Pax3a is a MLP gene observed in paraxial mesoderm progenitors as they commit to either head and neck mesoderm or fast muscle fates.

plot_gene_expr(muscle_state_graph, genes = c("pax3a"), node_size = 4, plot_labels = F) + 
  theme(legend.position = "right")

In the tbx16-msgn1 crispants, all of which fail to generate skeletal muscle properly, pax3a, a key regulator of myogenesis was differentially expressed in myogenic progenitors.

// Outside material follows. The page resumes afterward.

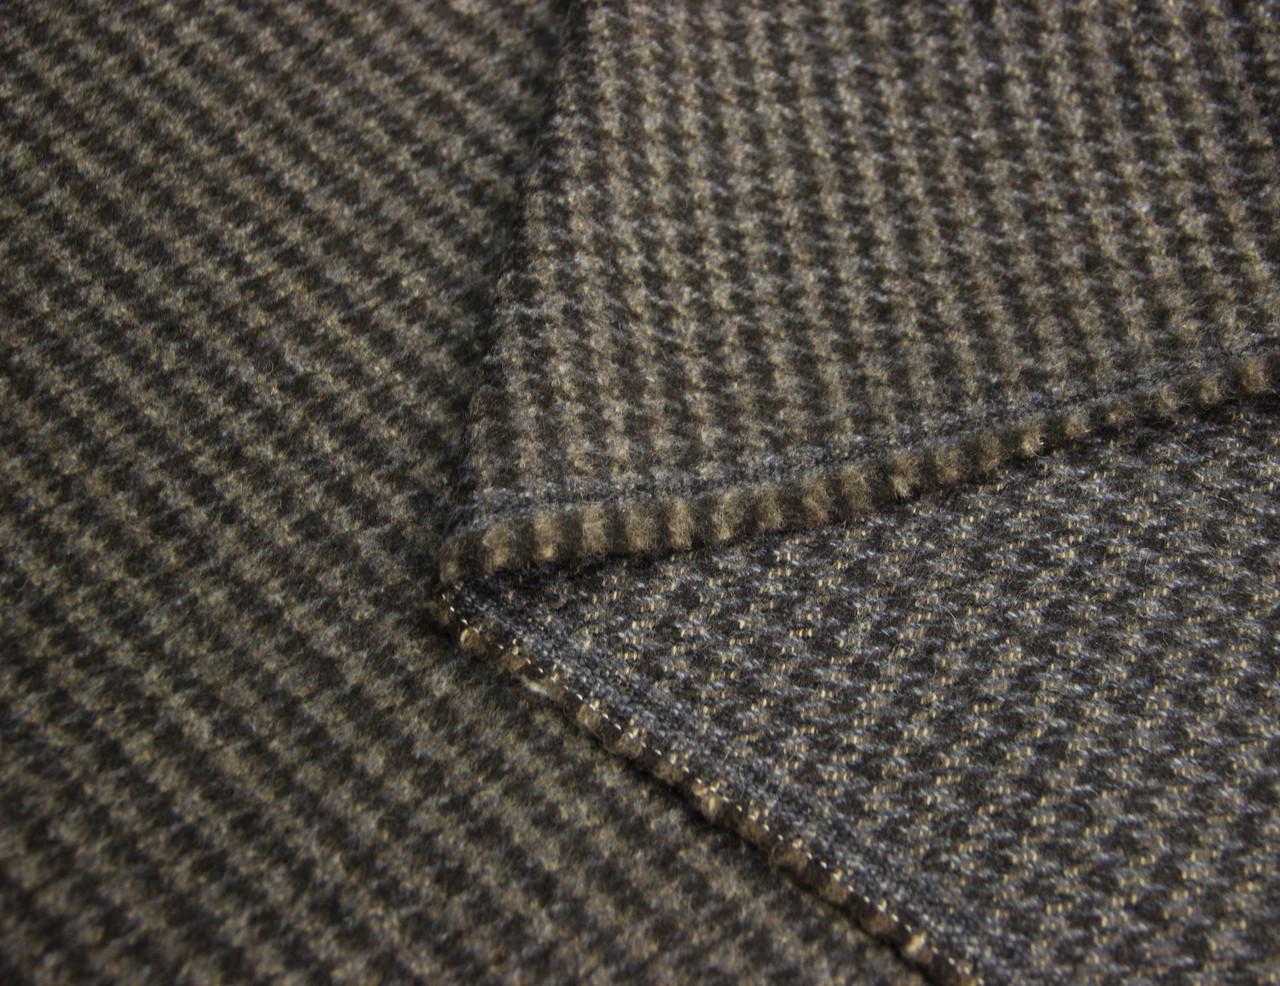 Пальтовая итальянская шерстяная натуральная ткань куриная лапка серо черная CH 172

term cell_group gene_short_name perturb_to_ctrl_shrunken_lfc perturb_to_ctrl_p_value
tbx16,msgn1 paraxial mesoderm (tbx16+) pax3a -1.0584180 1.397403e-08
tbx16,msgn1 paraxial mesoderm (pax3+, pax7-) pax3a -0.7609017 2.913705e-05

... we can plot the DEG fold change of pax3a in the tbx16-msgn1 mutant on the platt graph:

plot_degs(muscle_state_graph, tbx16_degs %>% 
            filter(term == "tbx16,msgn1", gene_short_name == "pax3a"), node_size = 4.5)

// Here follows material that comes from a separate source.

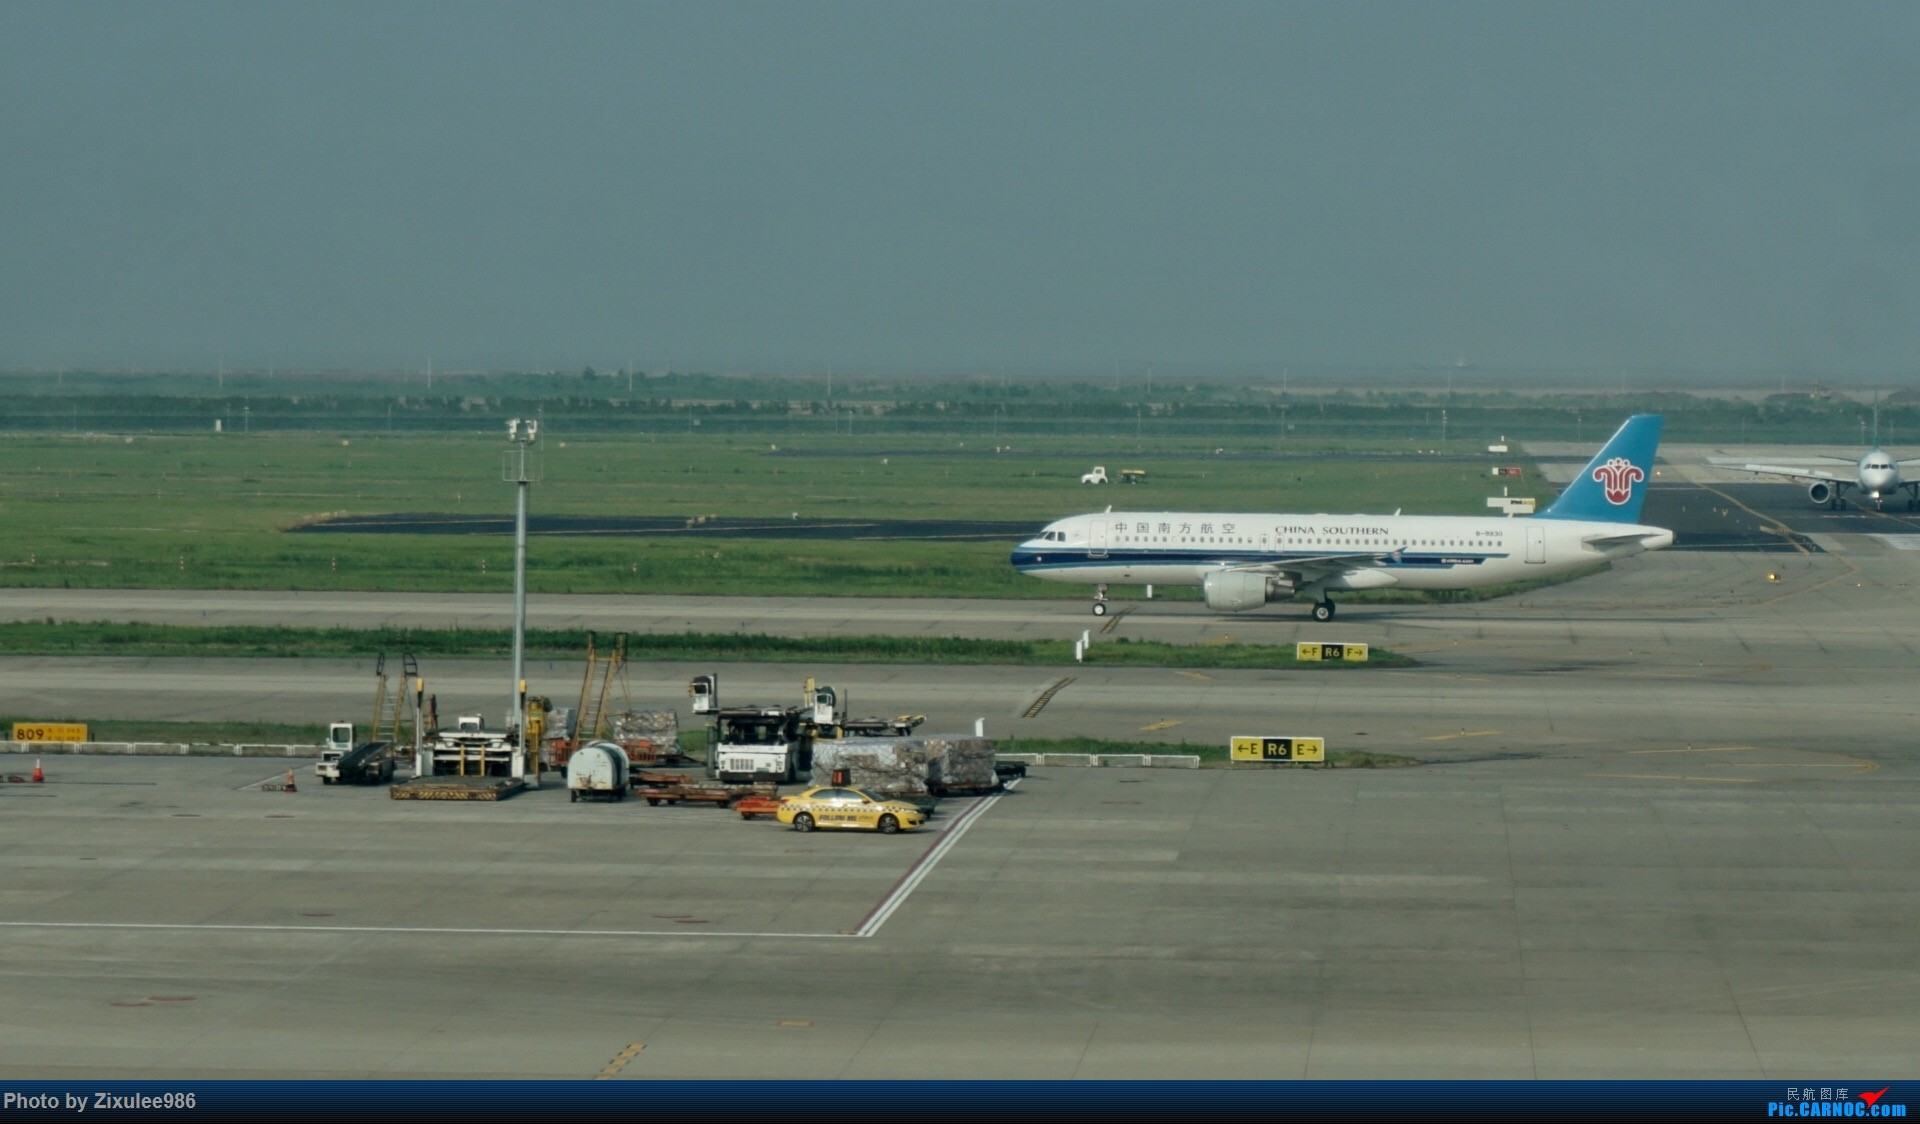 Re:[原创]加拿大21日游学之旅(一)~JJN-PVG-YYZ..(内含flightlog)~第一次发游记~多图缓更请谅解 AIRBUS A320-200 B-9930 中国上海浦东国际机场

For more information about plotting on a Platt graph, see our plotting page.

References

  1. Hobert, O. Terminal selectors of neuronal identity. Curr. Top. Dev. Biol. 116, 455–475 (2016).
  2. Laslo, P. et al. Multilineage transcriptional priming and determination of alternate hematopoietic cell fates. Cell 126, 755–766 (2006).
  3. Qiu, C. et al. Systematic reconstruction of cellular trajectories across mouse embryogenesis. Nat. Genet. 54, 328–341 (2022).
  4. Packer, J. S. et al. A lineage-resolved molecular atlas of C. elegans embryogenesis at single-cell resolution. Science 365, (2019).